The topic of Santos-Dumont brings up another interesting topic in aviation. Many are unaware of the idea that Santos-Dumont was gay. The history of homosexuality and aviation is not widely researched or for that matter acknowledged, yet there is a rich history involving this quiet group in the field starting with one of the first pioneers. The aviation community is starting to focus on this group of individuals starting with the National Gay Pilots Association (NGPA). Formed twenty years ago, the NGPA’s mission is to encourage gays and lesbians to enter into the field of aviation through education, outreach programmes and social events. According to NGPA Executive Director, Steven Moore, “Milestones have been made” in the aviation industry; however, “we still have a long way to go before equality is achieved.” Unfortunately this rings true as gays and lesbians still fight for social equality. NGPA President, Steve Walker, commented in a 2011 GA News article on the pilot shortage, “So networking is key. You don’t have to be gay to be part of the organisation, but you need to be supportive of the lesbian and gay community.” The NGPA provides an avenue for forming alliances with businesses and airlines within the aviation community while maintaining a comfortable environment for gays and lesbians to reach out for support.
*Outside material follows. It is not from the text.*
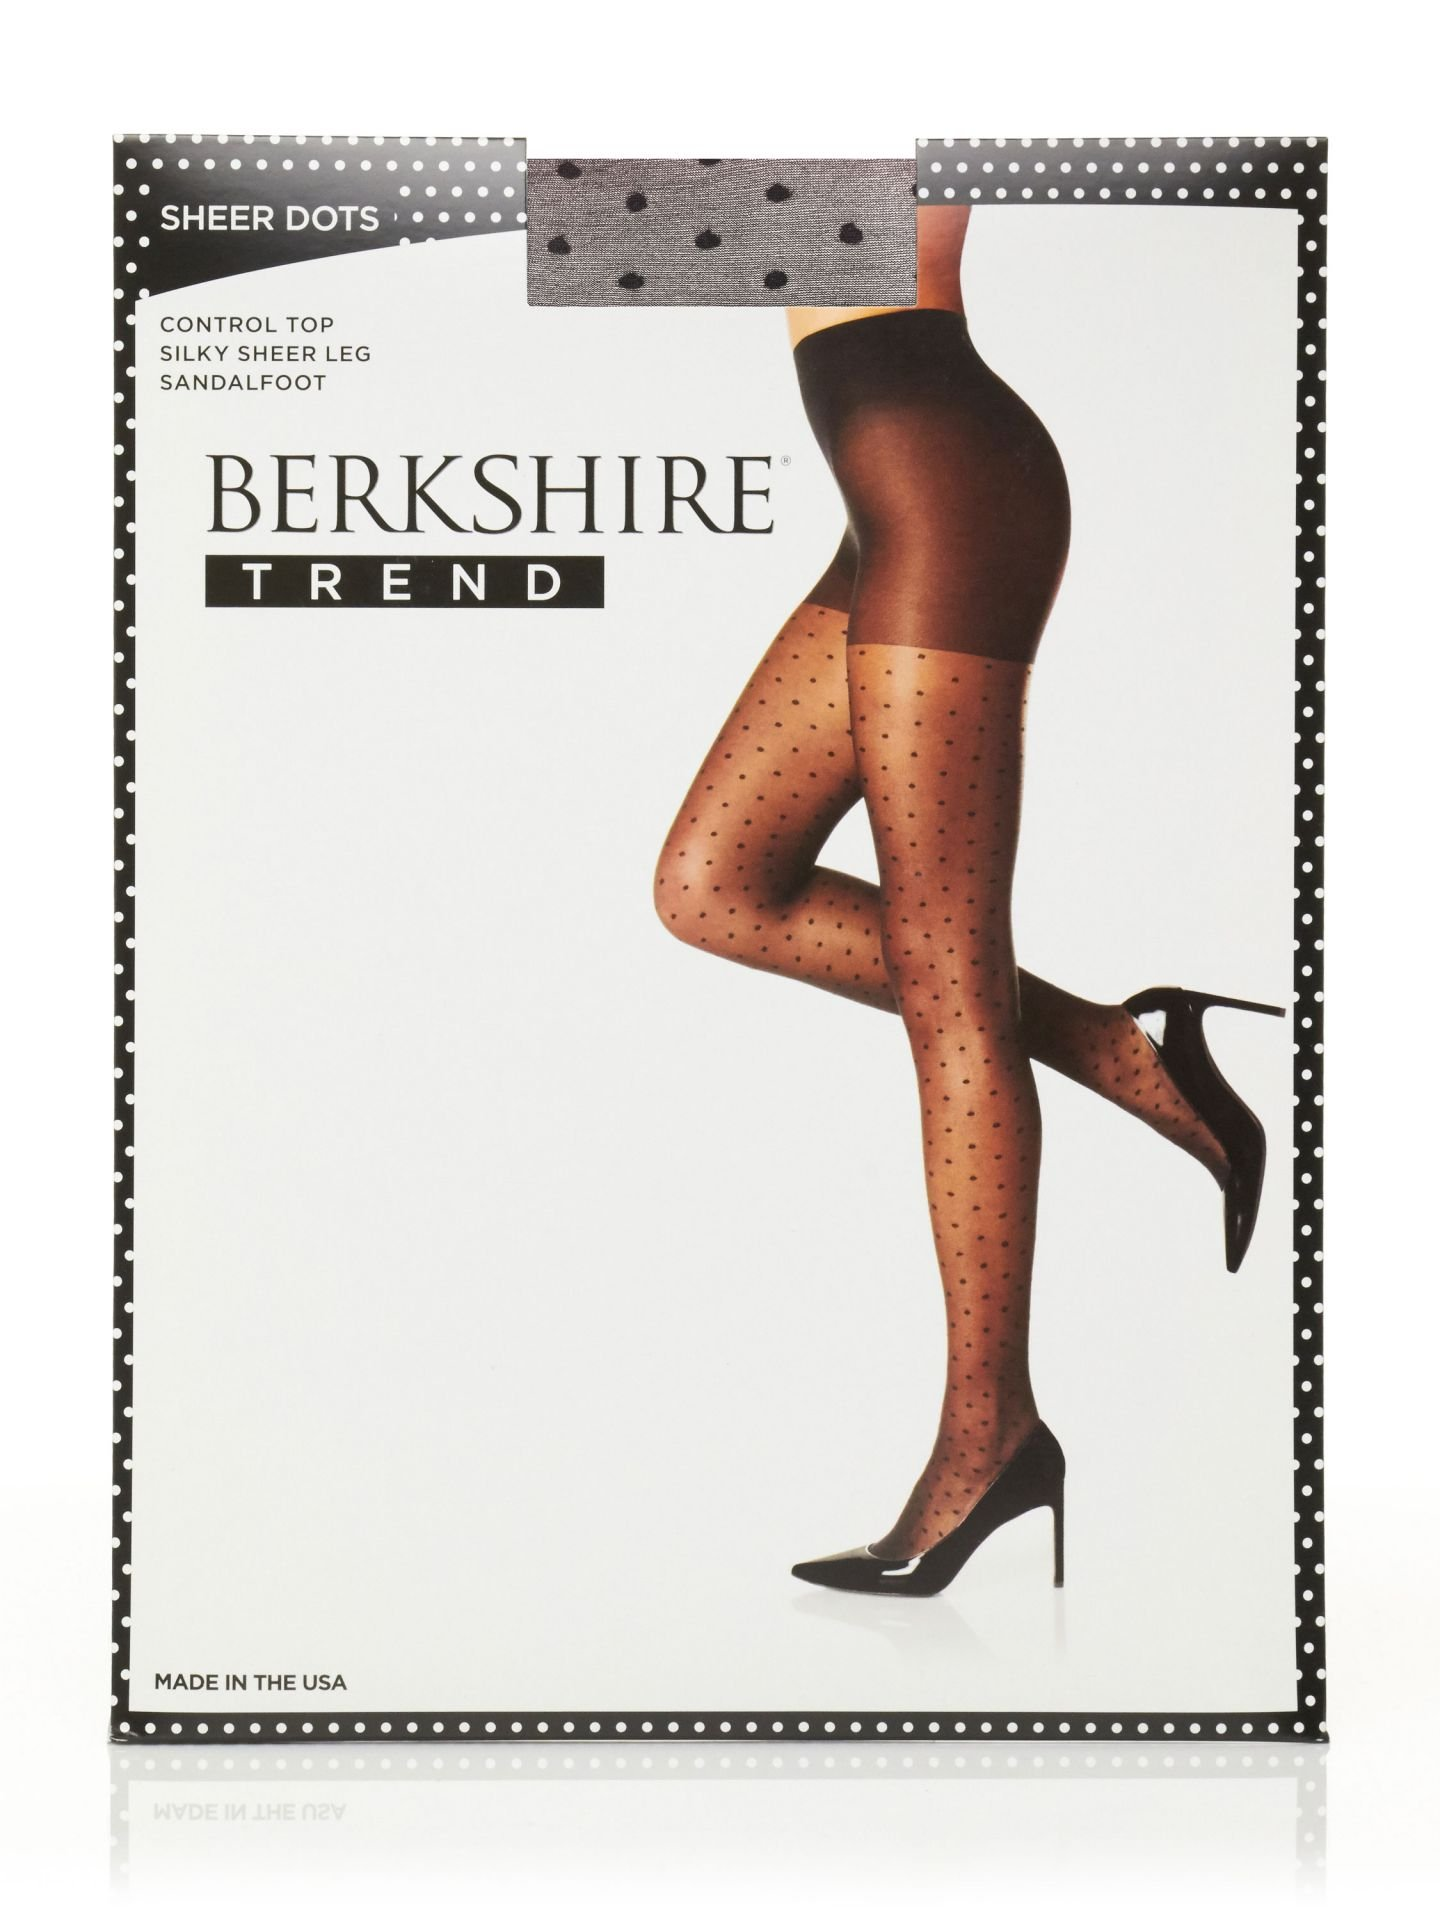 Berkshire Women's Trend Sheer Dot Control Top Pantyhose, Fantasy Black, 2 Plus

Unfortunately not everyone supports the NGPA and their cause. Critics voice their opinions while others make it difficult for them to partake in aviation-related events. One such incident occurred when the NGPA hosted a booth at a major aviation event. The NGPA had attended for several years as members but it was not until 2010 that things really started to turn south. The event lasted a week and the NGPA found their presence created mixed reviews. Some were happy to see the NGPA and expressed their support; yet others who were less than enthusiastic about the idea also made sure to let the booth staff know their opinion. When it came time to renew for the next year’s event, the organiser of the event told NGPA that there were many complaints about their presence and that they wanted to be sure that the NGPA understood that it was an air show and not a sex show and that “any sort of inappropriate touching would not be tolerated.” Of course this infuriated the individuals at NGPA. They were attending the show for promoting civil rights not to promote sex. The NGPA have since decided to exclude themselves from this negativity and find other avenues to promote their cause.
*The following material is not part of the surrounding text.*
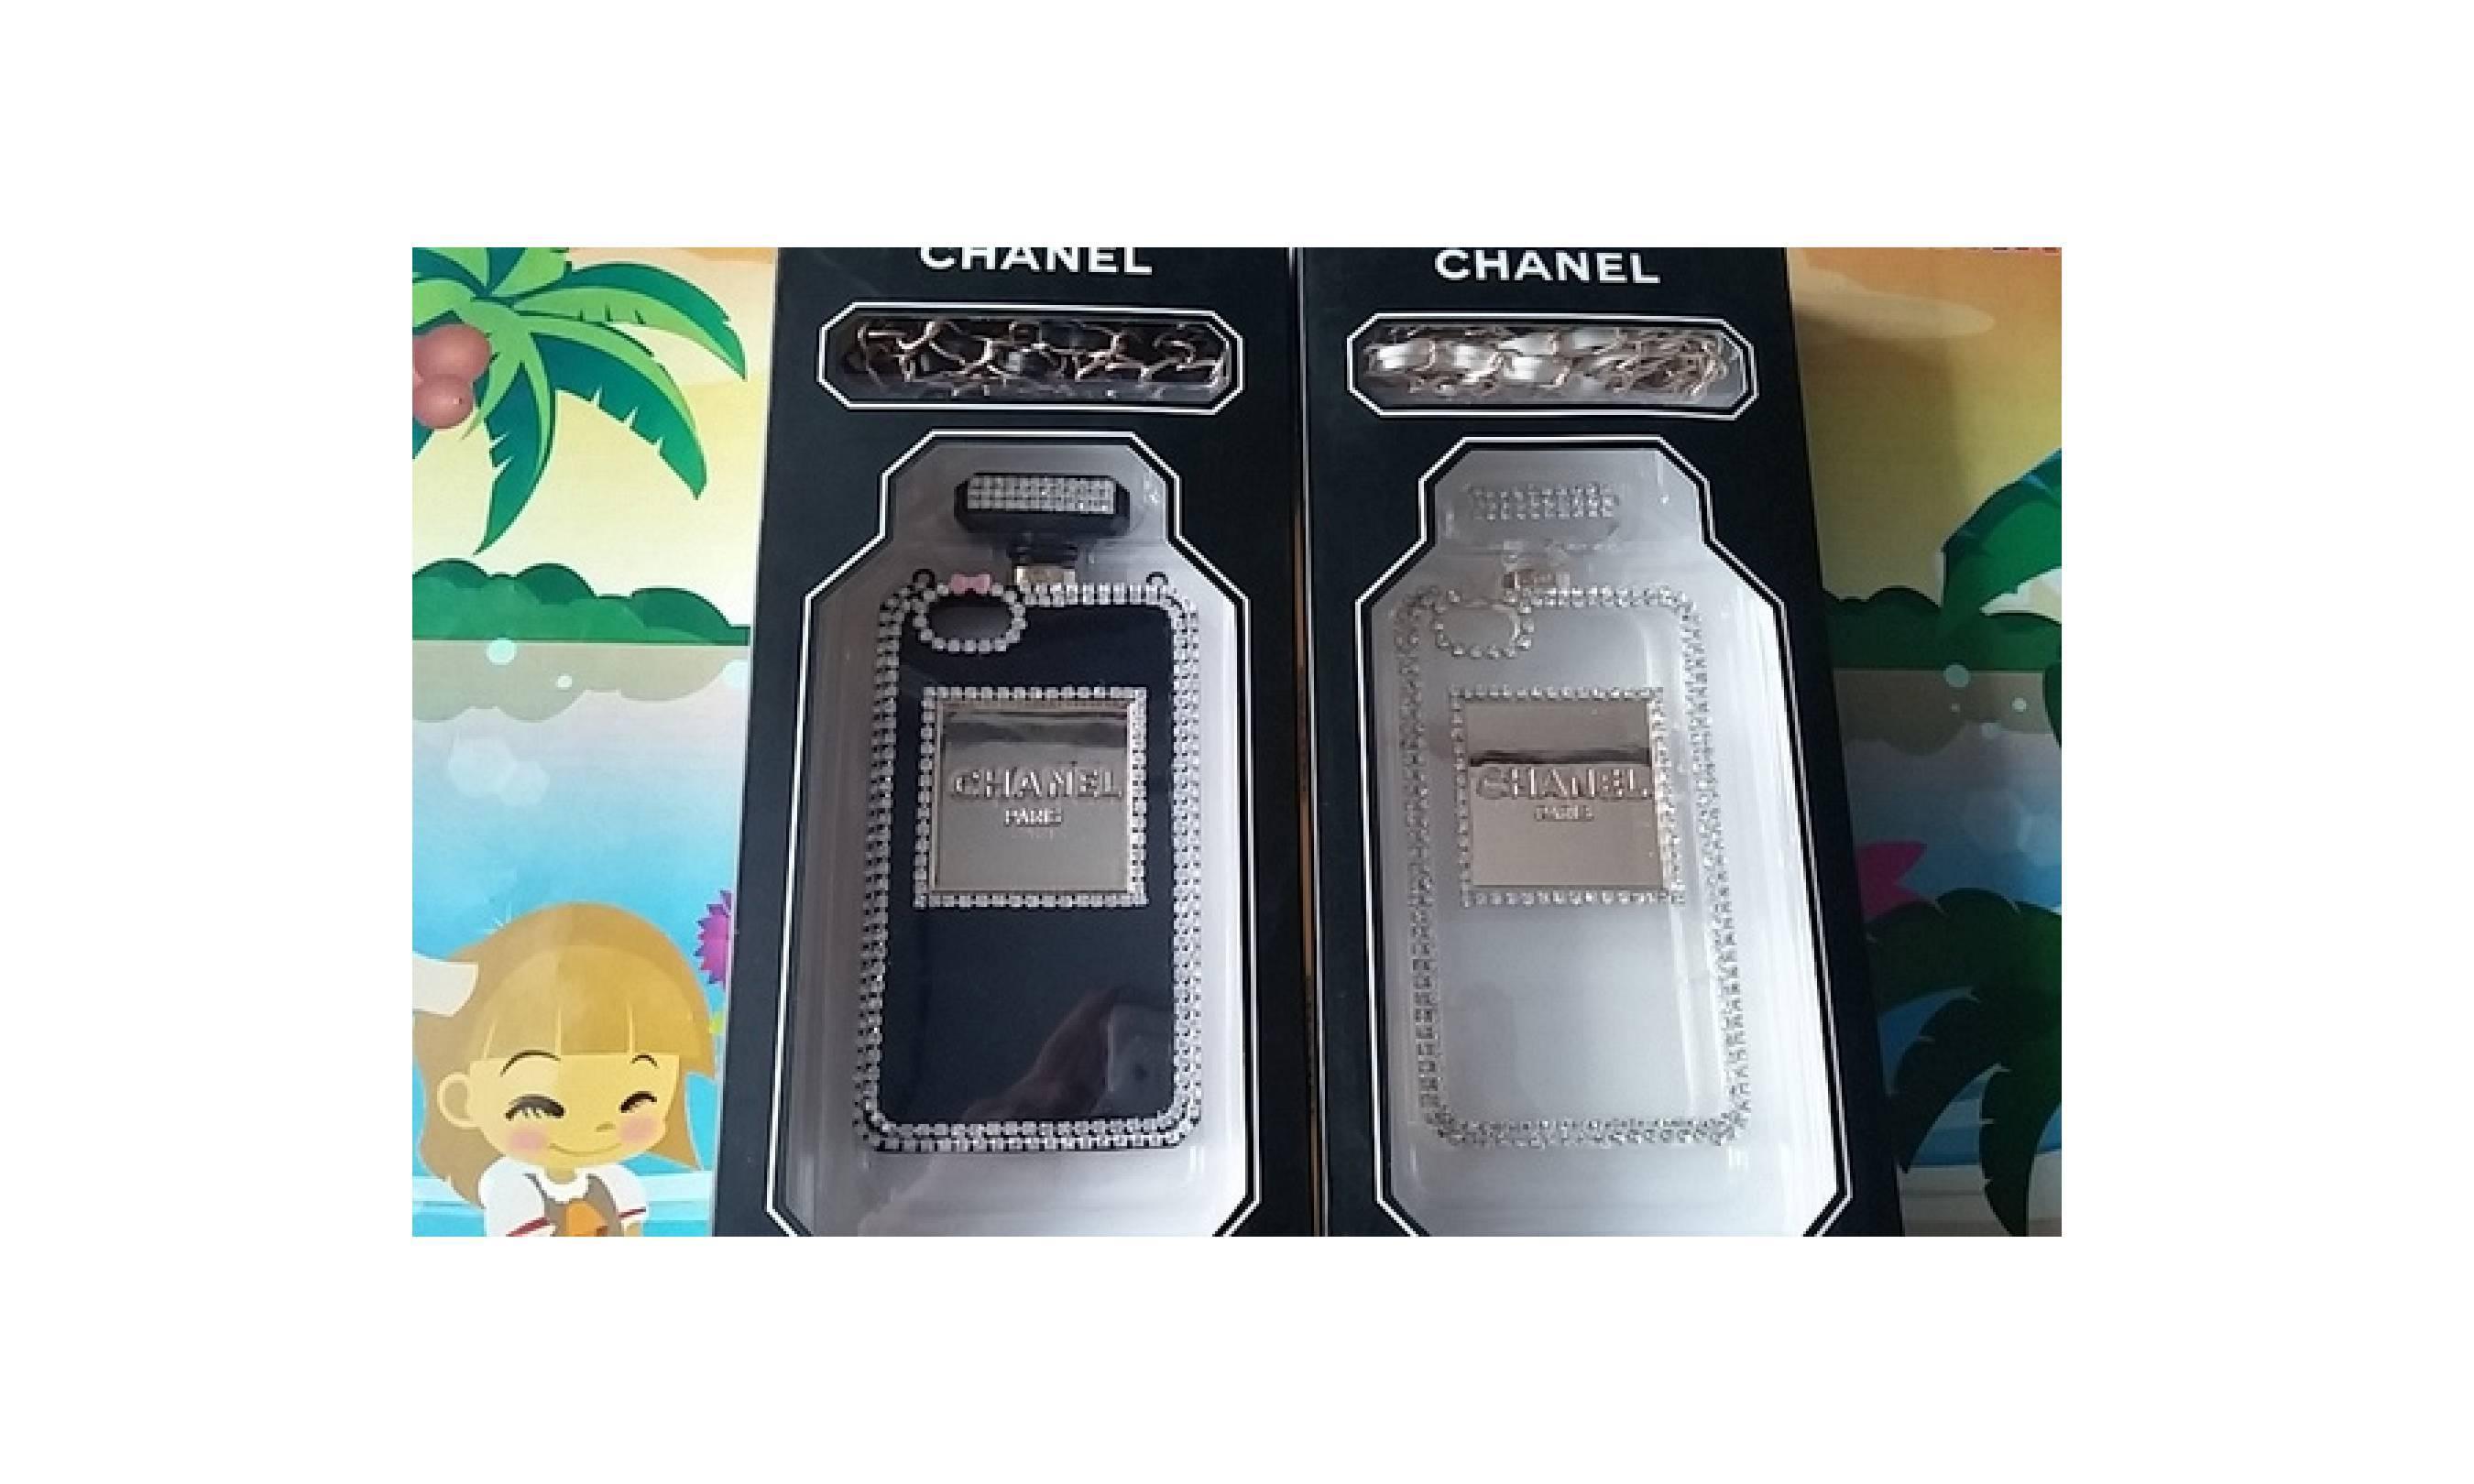 Apple Iphone 5 / 5S Perfume Bottle Paris Case Diamond Exclusive

Regardless of your views as a reader, it is important to note that we are all here to pursue our dream in aviation. It is no different than when the Tuskegee Airmen or the Women Airforce Service Pilots pushed to break the barriers that had barred them from flying. Please remember that aviation is a progressive field and we are here to help it grow. History has shown that anyone who puts their mind to it can succeed in aviation, regardless of their race, gender or sexual preference.
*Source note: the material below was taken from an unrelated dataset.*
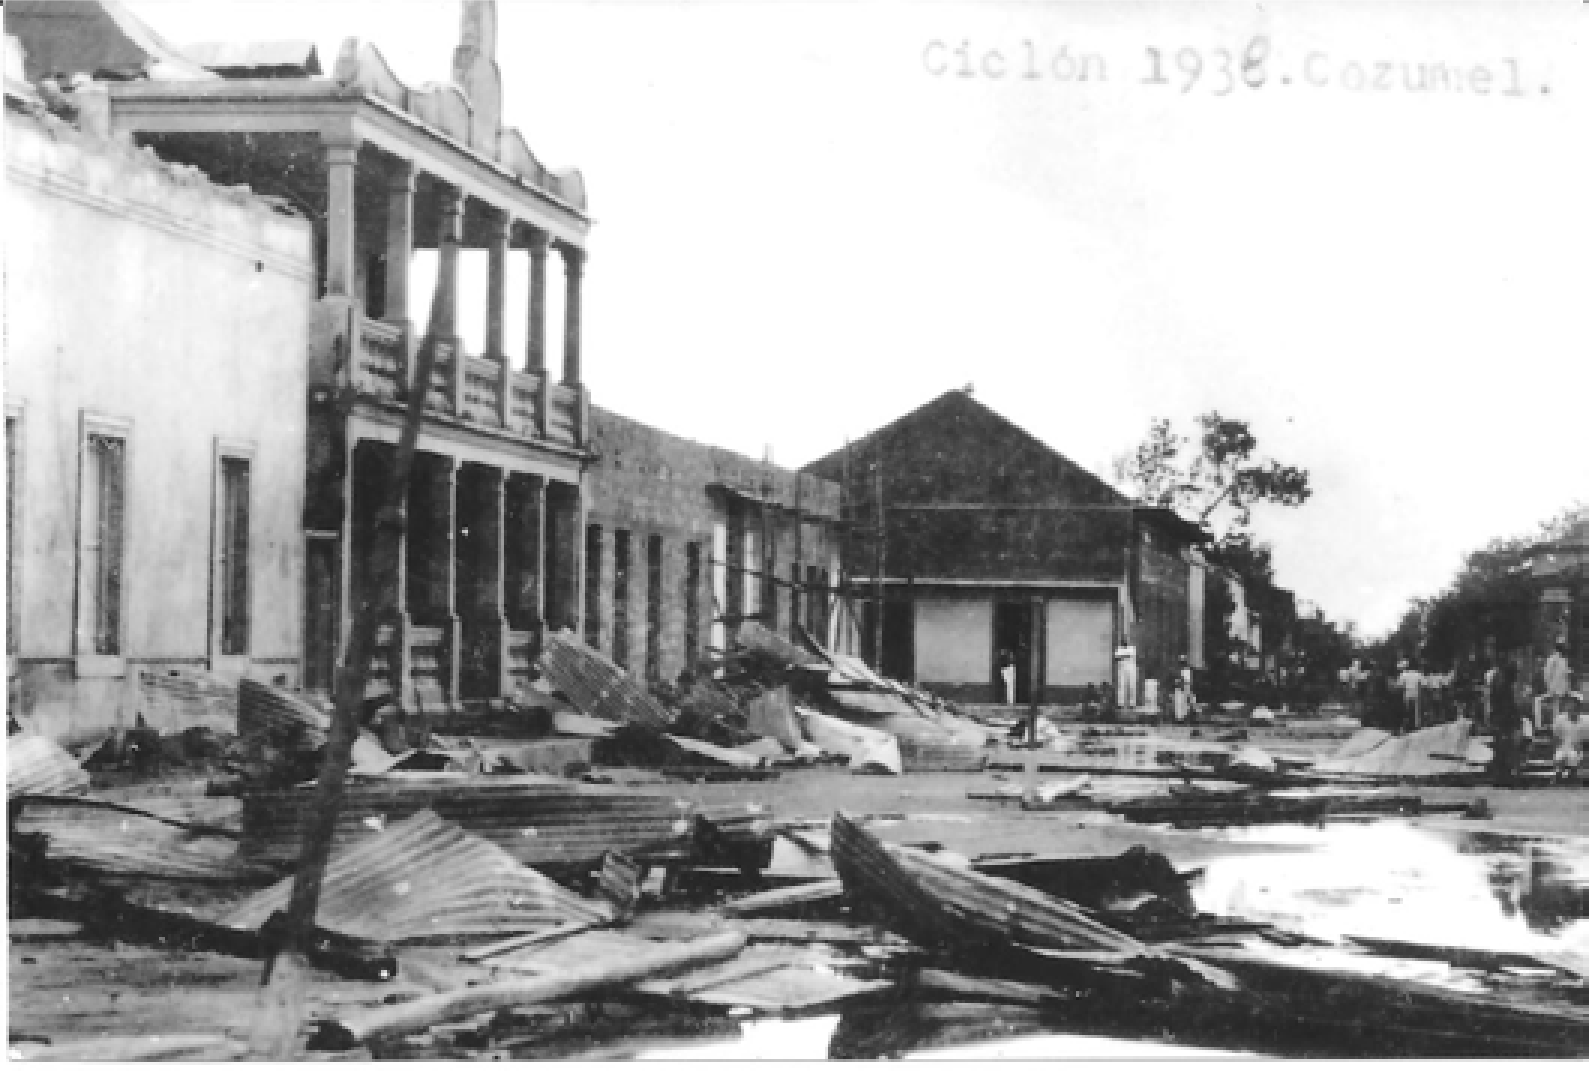 devastación por huracan en 1938 en Cozumel

By Melanie Rivera who runs the superb Public Historian blog, ‘Aviation History as told by a Public Historian’
Here in Europe, it’s not even worth mentioning… But, for what it’s worth there, Orville Wright appears to have been gay too. His brother, Wilbur, once wrote a letter to their father, Bishop Milton Wright – a firebrand preacher, complaining of his brother’s “character defect”. Anyone who grew up in a fundamentalist religious household knows that’s a type of code language used to describe homosexuality in the family. Neither Wright brother married. But Wilbur did have an adulterous affair in late 1908 with a French Lieutenant’s wife before dying in 1912. Orville lived until 1948 together with a longtime friend in Dayton.